August 23rd, 2006

ozarque figure

Linguistics; pragmatics; silence in Mainstream American English speech; part five (final)...

Summing up....

This list seems to me to reflect the consensus reached in our discussion; please let me know if I've left things off the list that ought to be here.

1. It's important to remember that native speakers of Mainstream American English (MAE) tend to perceive a silence of (roughly) 15-20 seconds in a conversation as punitive. This is true at any point in a conversation -- including the point when someone responds to the very first utterance of a conversation with silence.

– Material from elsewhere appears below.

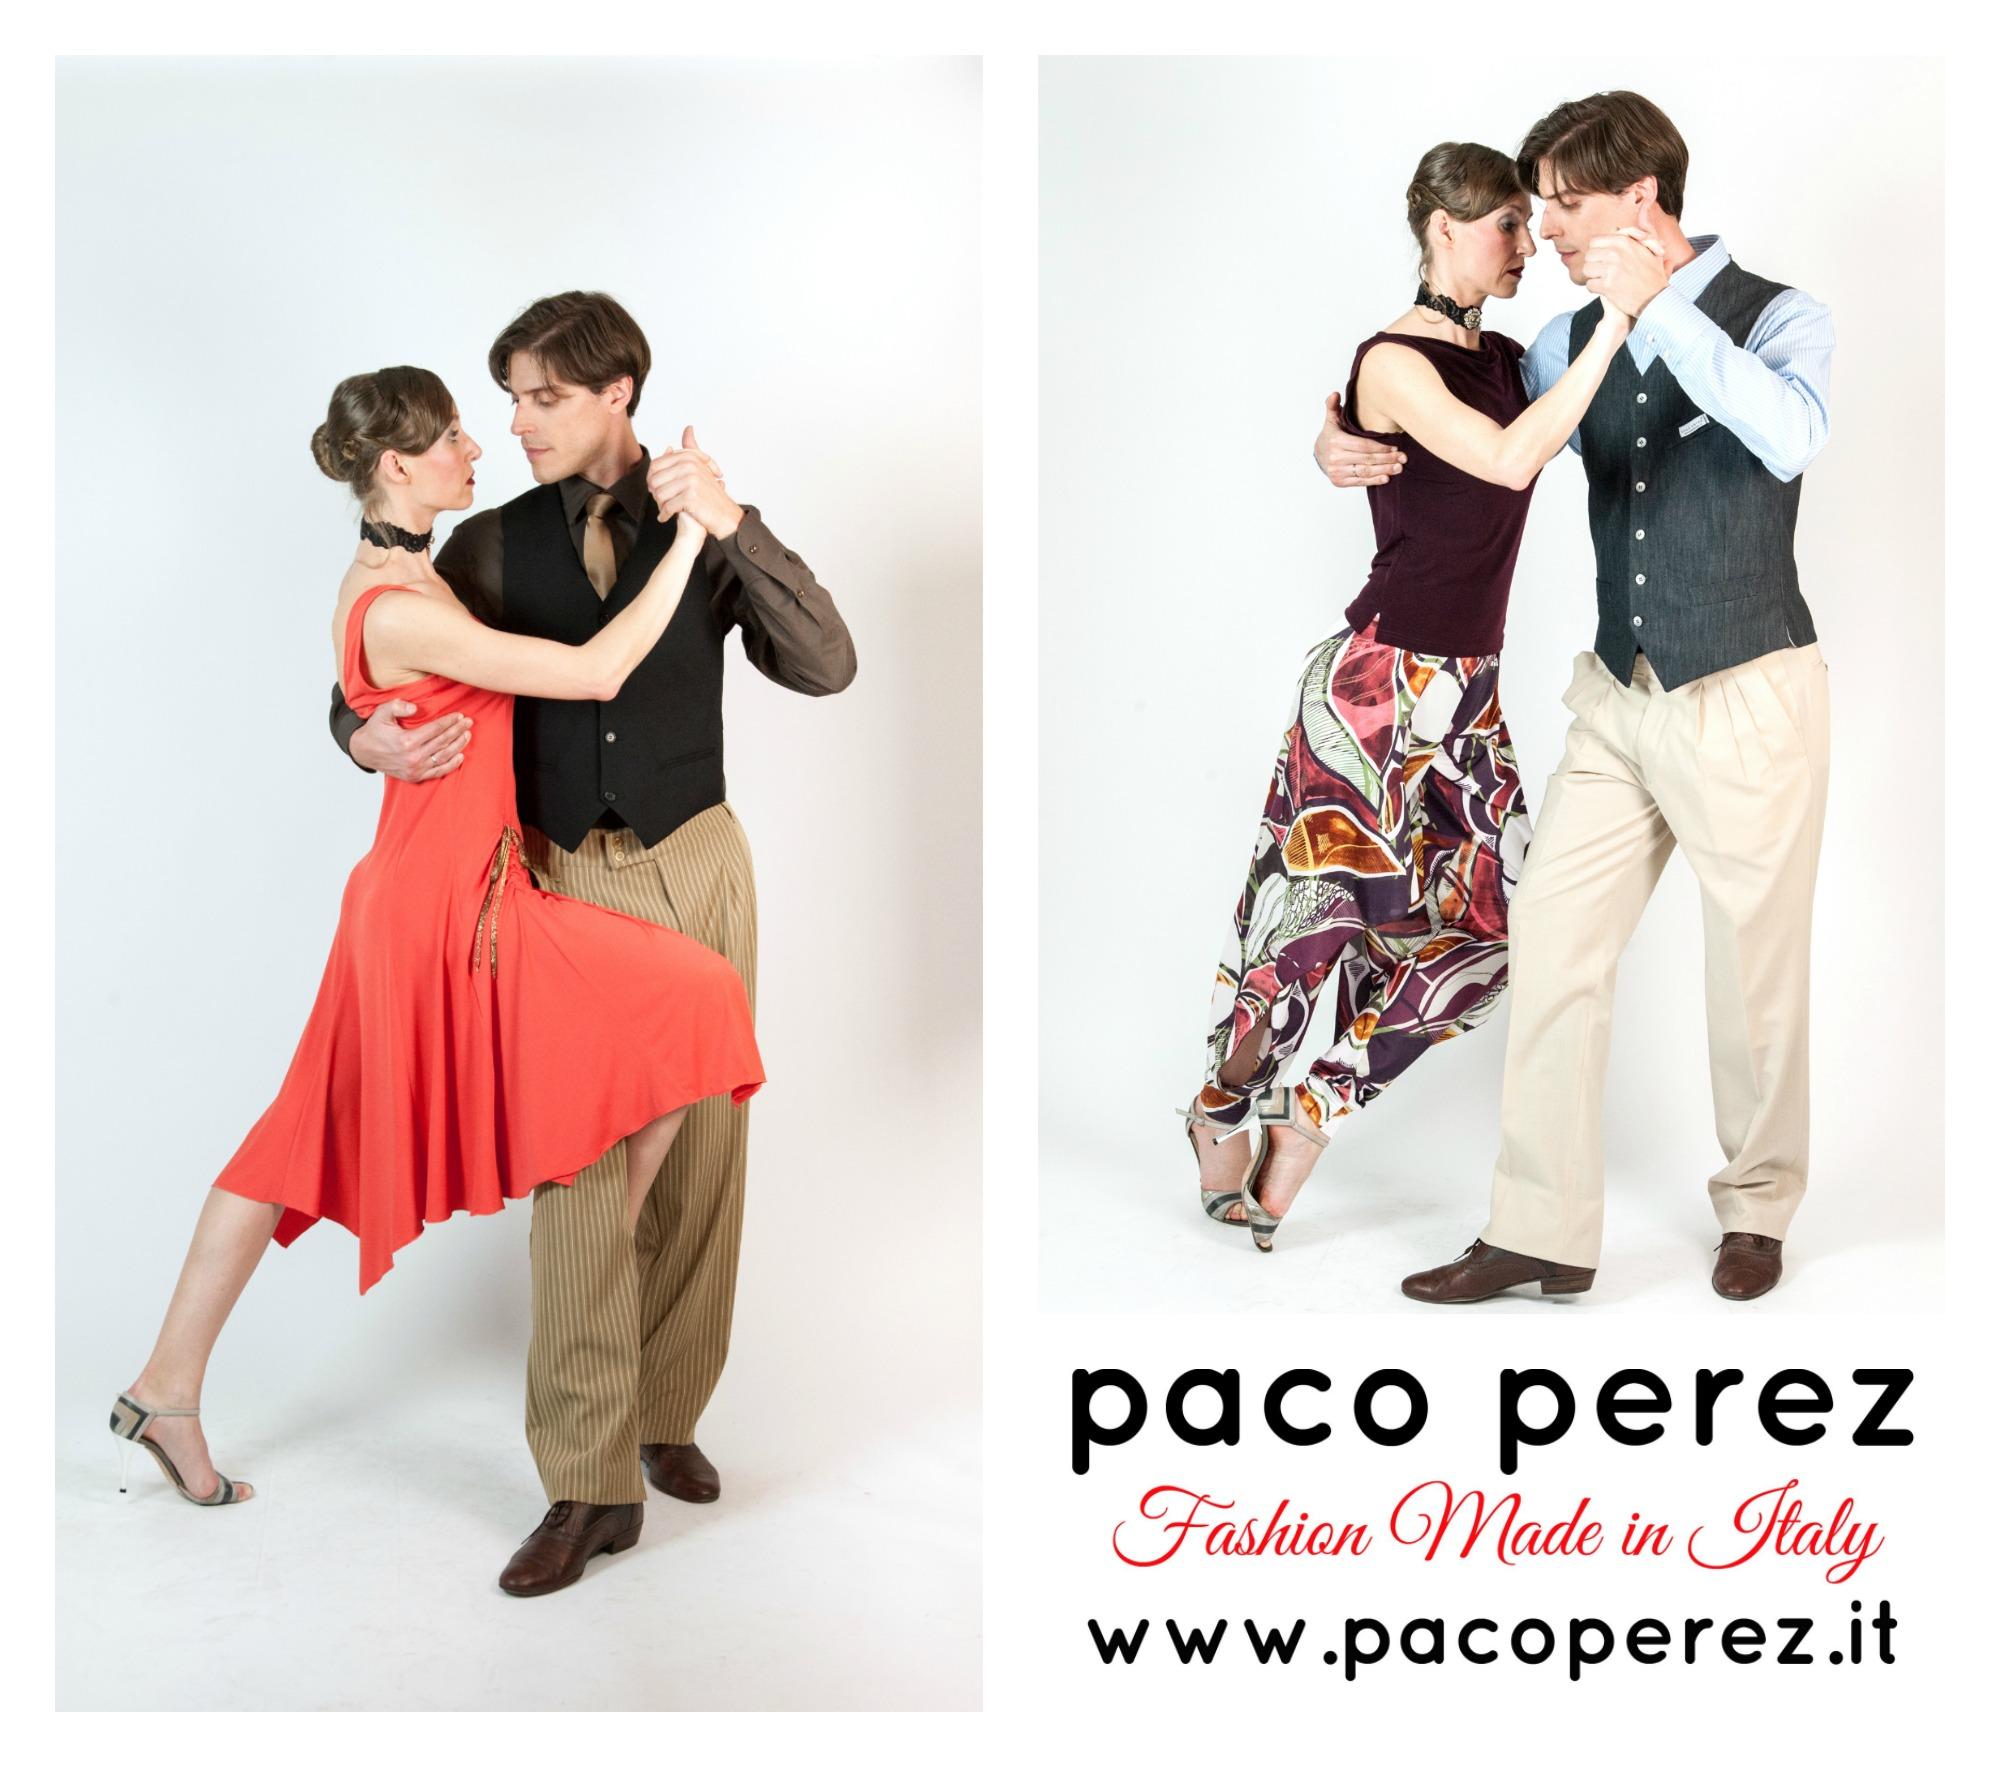 Padova Tango Festival e Moda   Gran Milonga con Solo Tango Orquesta e le  proposte fashion per il ballo Paco Perez per un evento unico. 46954b08d0d

2. It's important to remember that the silent individual's intention/attitude may not be punitive; until evidence emerges that it's not true, the other person's assumption should always be that a nonpunitive/nonhostile reason for the silence exists.

3. The most important information sources for determining whether or not a silence is punitive are (a) body language, (b) awareness of agreements about silences made in advance between/among the parties involved, and (c) special information from context. These sources may overlap and interact.

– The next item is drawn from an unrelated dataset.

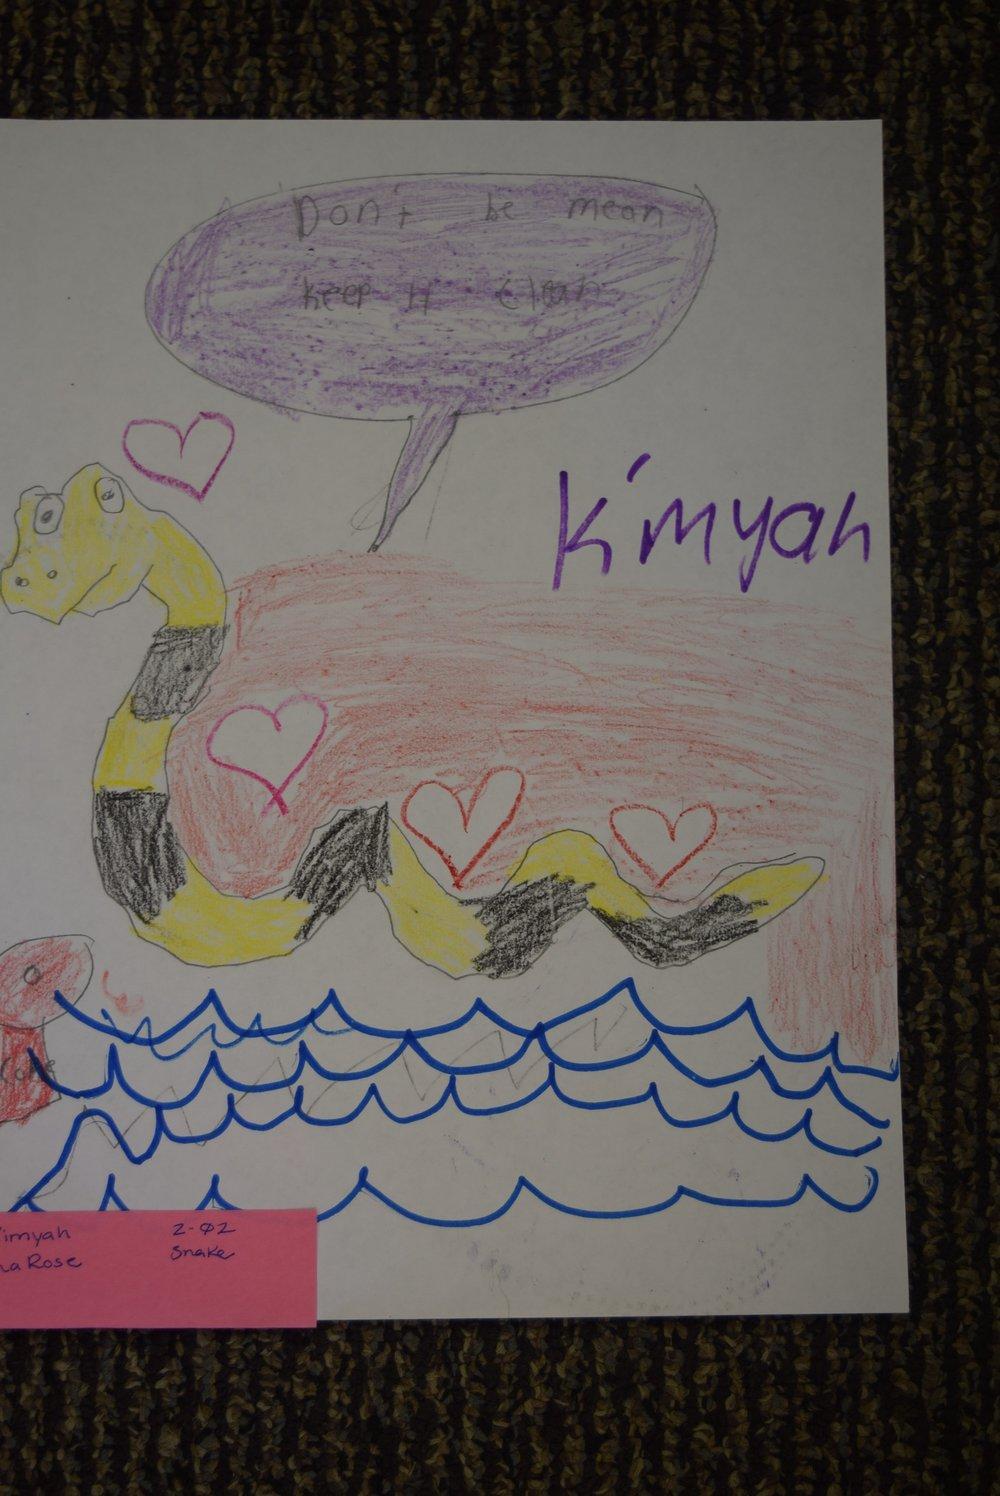 Kimyah- LaRose, 2-02

4. The rules about silence, as well as the definition of what constitutes a silence, vary widely from one dialect of MAE to another.

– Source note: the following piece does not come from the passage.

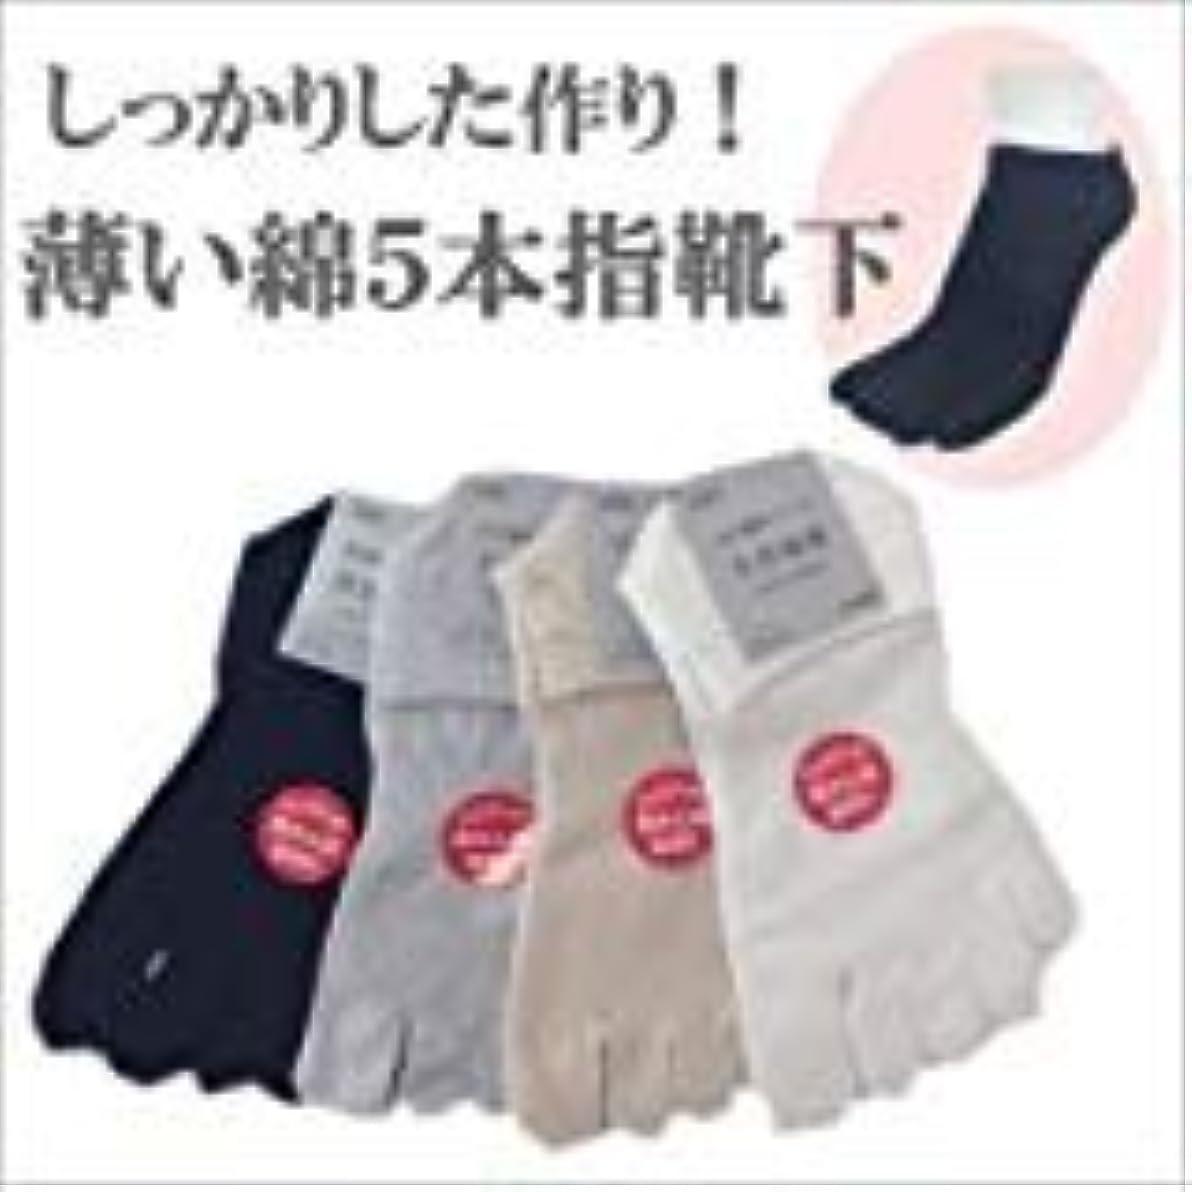 近代化優れたコピー薄手 ショート丈 綿 5本指靴下 23-25cm 太陽ニット 337(オフホワイト)

5. People whose level of skill in interpreting and/or producing MAE body language is inadequate are especially vulnerable to communication difficulties when silences occur in conversation.

6. Silences in conversation are not trivial; they transmit significant messages just as utterances do.

7. Nonpunitive silences include at least the following types:

** X doesn't answer you because X is thinking about what you've just said and needs a little more time for that.
** X doesn't answer you because X is thinking about what to say in response to what you've just said and needs a little more time for that.
** X doesn't answer you because X is so angry that X feels it would be better not to say anything until some cooling-off time has gone by.
** X doesn't answer you because you've brought up a subject that you had agreed you'd never bring up again.
** X doesn't answer you because X literally cannot think of anything appropriate to say; that is, what you said has shocked X, or deeply hurt X, or totally baffled X, or put X in a bind where all responses seem to be the wrong thing to say.
** X doesn't answer you because X really wants to go on reading a book or playing a videogame or working on a project, or something of that kind. [This may or may not be rude, but it's not intentionally punitive.]
** X doesn't answer you because X is sick, or injured, or in some other sort of serious distress.
** A group meets you with silence because when you arrived the group was in the middle of a conversation they believe you would not enjoy or would not be able to participate in.
** A group meets you with silence because the grammar of their MAE dialect doesn't obligate them to involve a newcomer in a conversation.

8. Punitive silences -- silences actually intended to punish you and/or exclude you -- are verbal attacks, just like an overt insult is a verbal attack.

Not part of the consensus, just a remark of my own:

Non-punitive silences should be dealt with on a case-by-case basis, depending on the context and on the relationship between/among the parties. Patience is often needed, because it may take time and effort to straighten them out. Punitive silences, on the other hand, should be dealt with the way any other verbal attack is dealt with: They should never be allowed to work.